Schneier on Security: AI Industry is Trying to Subvert the Definition of “Open Source AI”

Source URL: https://www.schneier.com/blog/archives/2024/11/ai-industry-is-trying-to-subvert-the-definition-of-open-source-ai.html
Source: Schneier on Security
Title: AI Industry is Trying to Subvert the Definition of “Open Source AI”

Feedly Summary: The Open Source Initiative has published (news article here) its definition of “open source AI,” and it’s terrible. It allows for secret training data and mechanisms. It allows for development to be done in secret. Since for a neural network, the training data is the source code—it’s how the model gets programmed—the definition makes no sense.
And it’s confusing; most “open source” AI models—like LLAMA—are open source in name only. But the OSI seems to have been co-opted by industry players that want both corporate secrecy and the “open source” label. (Here’s one …

AI Summary and Description: Yes

Summary: The text critiques the Open Source Initiative’s definition of “open source AI,” arguing that it compromises true open source principles by allowing for secrecy in training data and model development. It highlights the need for a clear distinction between genuine open source and models that only claim to be open source, advocating for real public AI options that respect privacy and legal restrictions on data sharing.

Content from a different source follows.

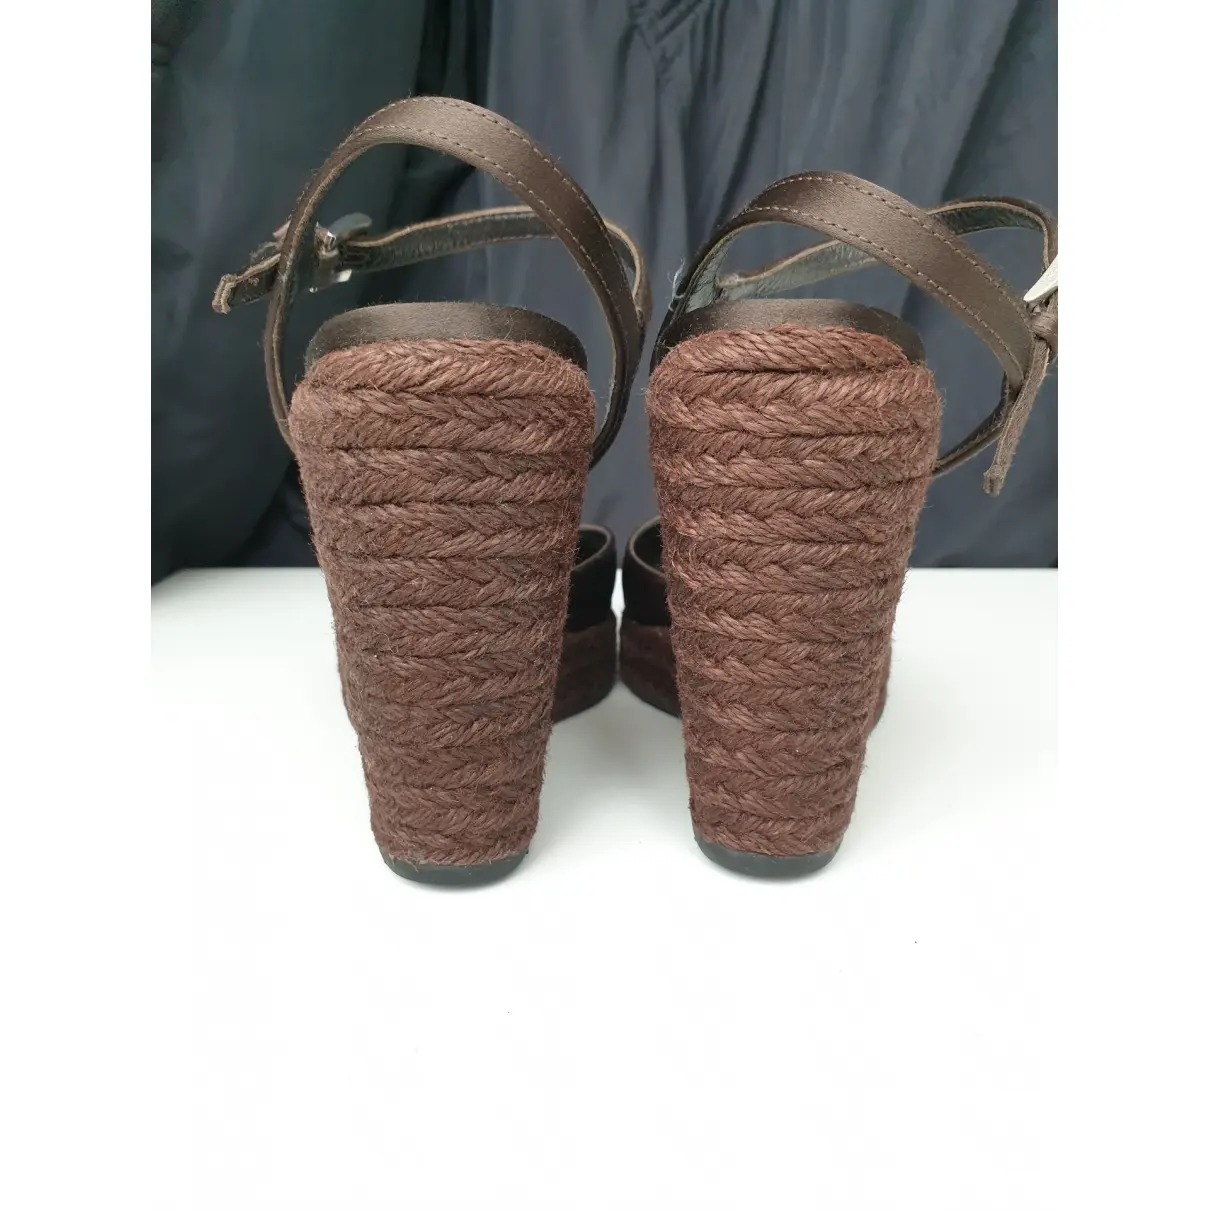 Buy Prada Cloth heels online - Vintage

Detailed Description: The article discusses significant concerns regarding the Open Source Initiative’s (OSI) definition of “open source AI,” emphasizing the following key points:

– **Critique of OSI Definition**: The current definition is viewed as inadequate since it permits secretive training data and mechanisms that contradict the essence of open source principles.

– **Misleading Open Source Models**: Many AI models labeled as “open source,” such as LLAMA, are argued to be open source only in name. The OSI is perceived as being influenced by industry interests prioritizing corporate secrecy over transparency.

– **Advocacy for Public AI**: The author pushes for a genuine public option in AI that is rooted in true open source methodologies.

– **Need for Definitions**: The text acknowledges the existence of partially open models and argues for the establishment of clear definitions to categorize them appropriately.

– **Privacy-Preserving Techniques**: The existence of privacy-preserving, federated learning approaches is highlighted positively as a necessary evolution in AI development practices.

– **Legal and Ethical Considerations**: The text points out that legal frameworks often restrict data sharing, particularly in sensitive areas like healthcare. It emphasizes the need to protect individual rights and indigenous knowledge from exploitation under vague open source definitions.

– **Proposed Terminology**: The author suggests renaming “open source AI” to “open weights” to accurately reflect models that do not fully embrace open source principles.

Overall, the text serves as a call to action for better definitions within the open source community, particularly in the realm of AI, urging vigilance against practices that conflate secrecy with openness. This is particularly relevant for professionals in AI, cloud computing, and compliance who navigate the complexities of data sharing, privacy regulations, and the ethical implications of AI development.